- Exercise inputs:
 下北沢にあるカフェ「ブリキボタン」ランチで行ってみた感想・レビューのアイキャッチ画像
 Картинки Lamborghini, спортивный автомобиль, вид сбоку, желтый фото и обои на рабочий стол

--

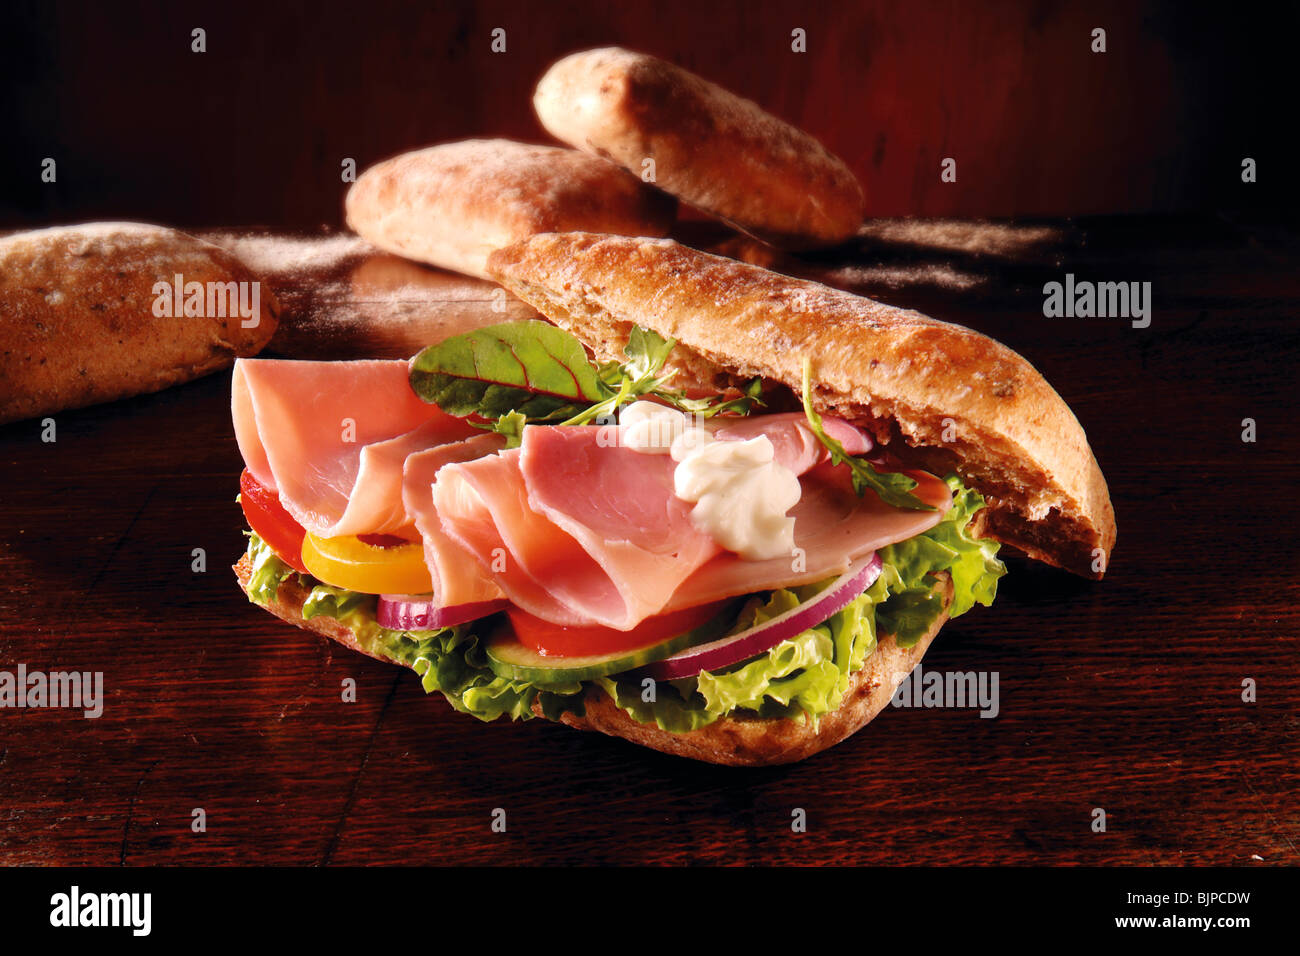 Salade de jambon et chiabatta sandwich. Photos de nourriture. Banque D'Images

---

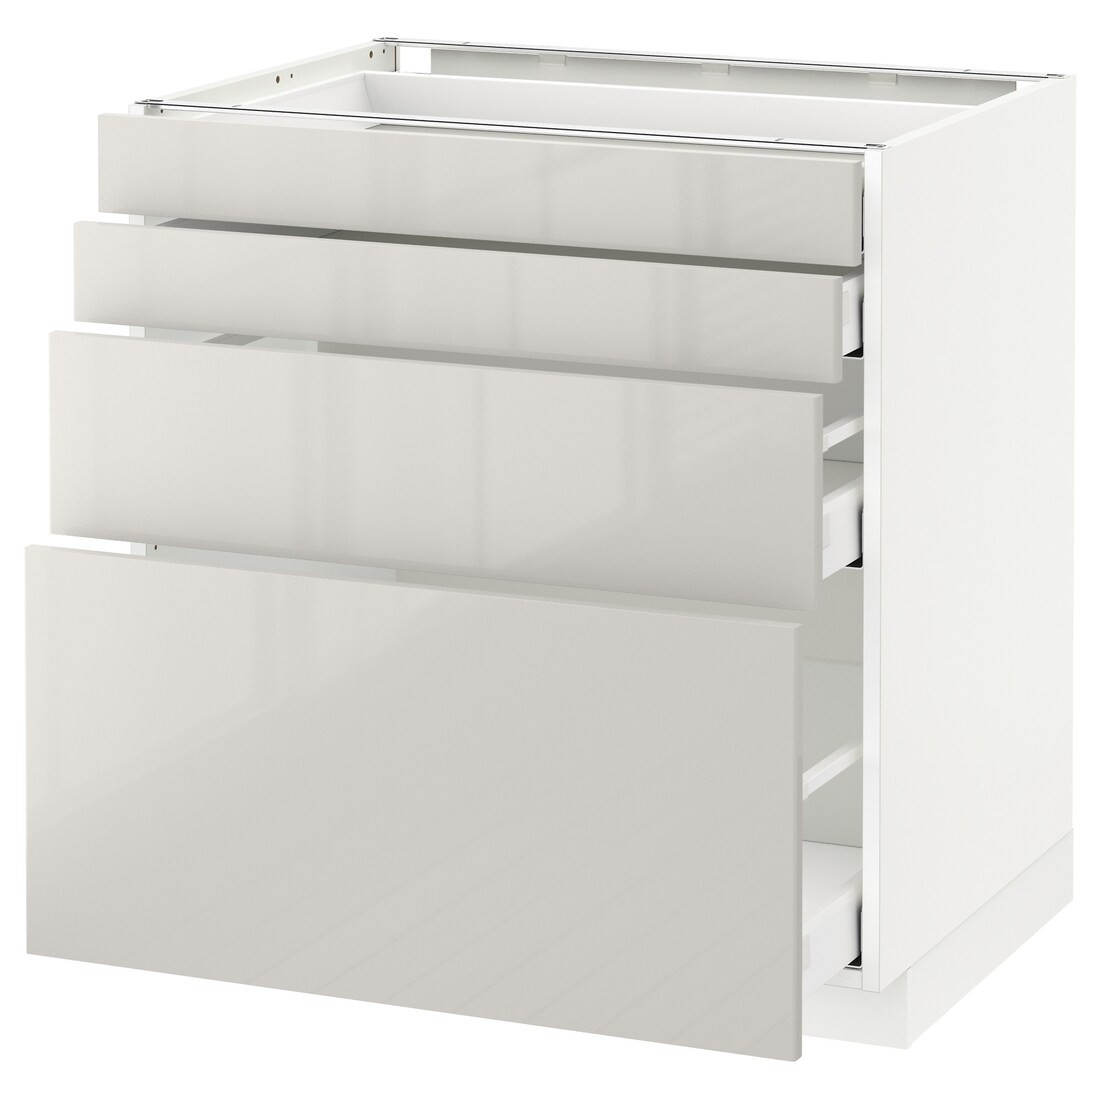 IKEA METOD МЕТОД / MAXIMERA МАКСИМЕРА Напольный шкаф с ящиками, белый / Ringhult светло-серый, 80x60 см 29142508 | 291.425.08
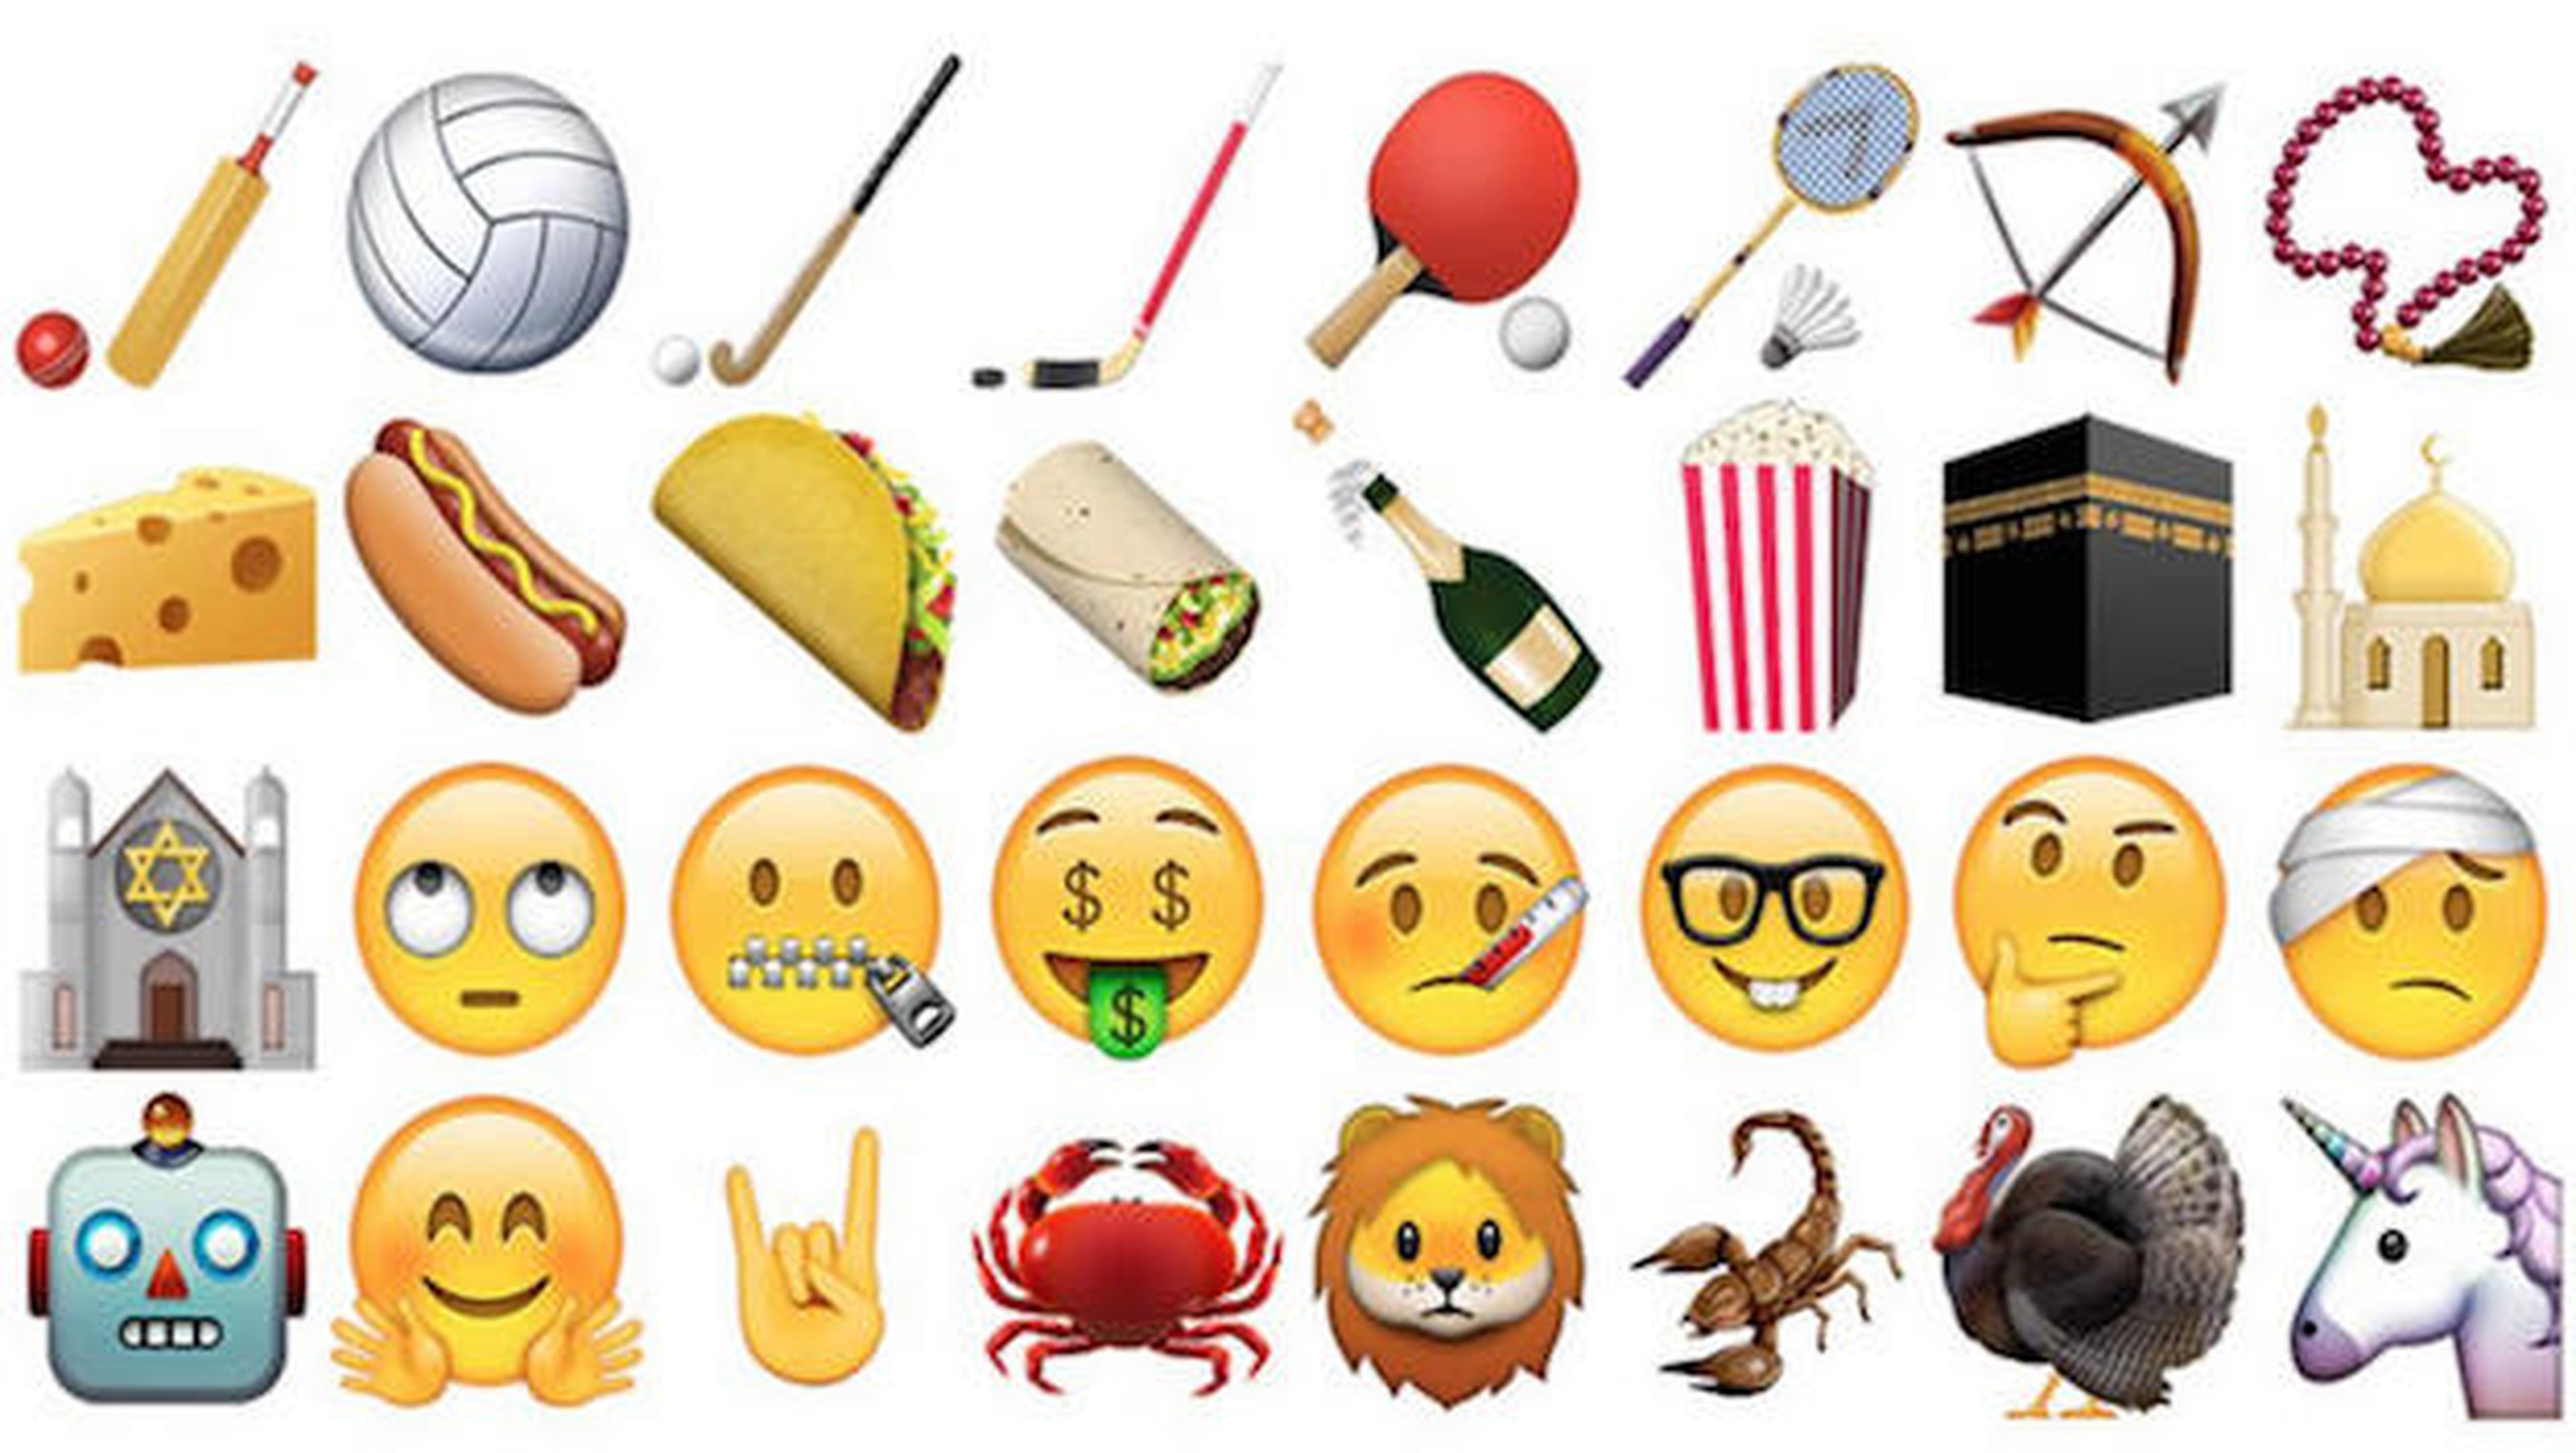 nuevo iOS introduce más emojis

- Problem to solve: Once you find the line with "下北沢にあるカフェ「ブリキボ" in the entries above, output it and each line after it up to and including the line with "Картинки Lamborghini, спортивный", and nothing else.

- Answer box:
 下北沢にあるカフェ「ブリキボタン」ランチで行ってみた感想・レビューのアイキャッチ画像
 Картинки Lamborghini, спортивный автомобиль, вид сбоку, желтый фото и обои на рабочий стол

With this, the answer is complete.